The Wardrobe’s Best Dressed: Holy Sparks by Diana Woodcock


This selection, chosen by guest editor Kirsten Kowalewski, is from Holy Sparks by Diana Woodcock (Paraclete Press 2023).

Nature’s Revered Teachers

The old pine tree teaches wisdom,
and the cry of the wild bird expresses truth.
~ Zen koan

The silent stone—
how it lectures on the sacredness
of stillness and muteness.
                The Pleistocene,
                time of great extinctions,
                teaches mystery and curiosity—

was it a star dragon
thrusting out its tongue,
or the heat of meteoritic impact?
                Meltwater teaches chemistry
                and tragedy, and most important
                perhaps these days, humility.

The blushing peach—
what a wordless lesson
it can teach.
                The fire, tempering the sword,
                clarifies how we, too, require softening
                if we are to resist breaking.

The owl, turning its head
160 degrees, exemplifies that being
anticipatory is only half the story.
                La Venta and San Lorenzo,
                southern Mexico, from
                whose ground colossal stone heads

of the lost Olmec culture
were unearthed, teach the ghostly
hush of vanishment.
                Windborne swirls of silvery seeds
                suggest that man also has the need
                to launch off to new worlds.

And the poisoned dying bee,
in perfect stillness, teaches eternity—
takes us back to the Book of Romans,

                all creation groaning for salvation.
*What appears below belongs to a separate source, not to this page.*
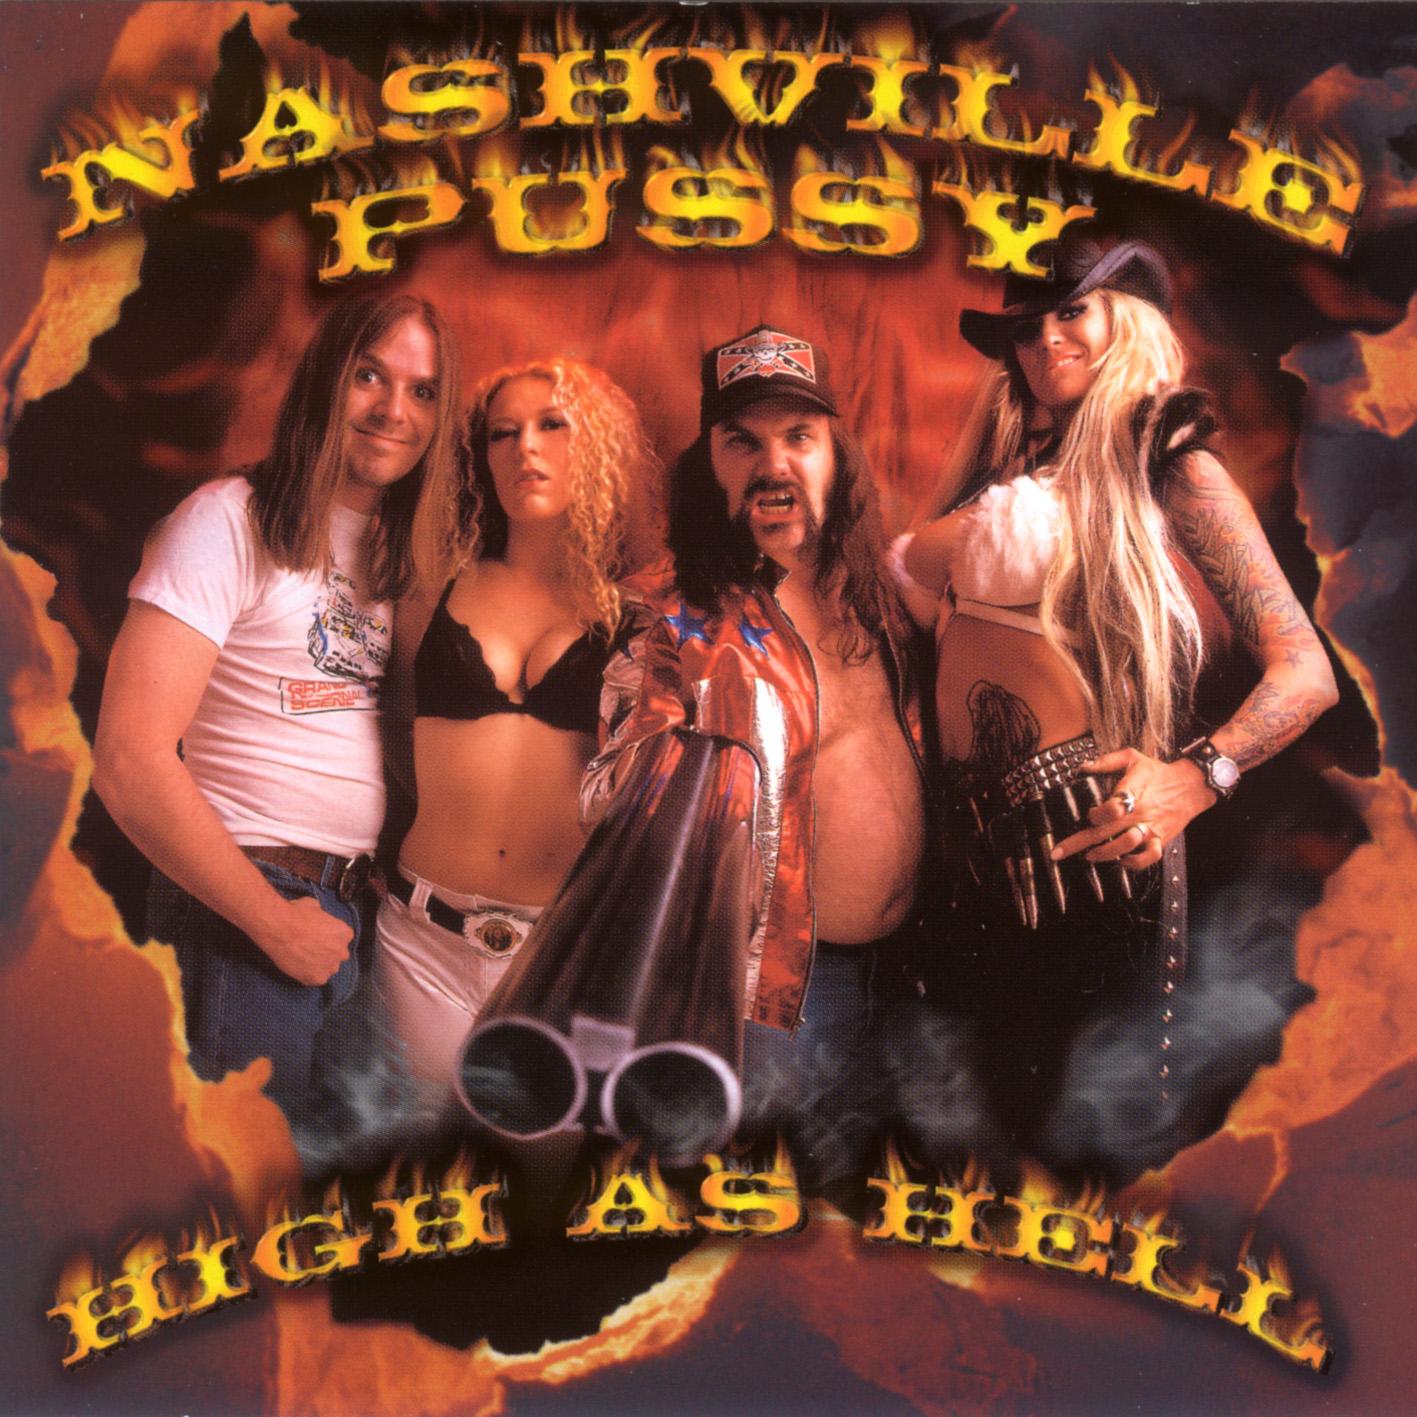 Nashville Pussy Blogspot 108

Diana Woodcock has authored seven chapbooks and six poetry collections, most recently Heaven Underfoot (2022 Codhill Press Pauline Uchmanowicz Poetry Award), Holy Sparks (2020 Paraclete Press Poetry Award finalist), and Facing Aridity (2020 Prism Prize for Climate Literature finalist). A three-time Pushcart Prize nominee and Best of the Net nominee, she received the 2011 Vernice Quebodeaux Pathways Poetry Prize for Women for her debut collection, Swaying on the Elephant’s Shoulders. Currently teaching at VCUarts Qatar, she holds a PhD in Creative Writing from Lancaster University, where she researched poetry’s role in the search for an environmental ethic.


Kirsten Kowalewski has a master’s degree in library science and a specialist’s certificate in school media services for grades K-12. She reads widely. and is the editor for horror and dark fiction review website Monster Librarian. This is her third time curating for The Wardrobe.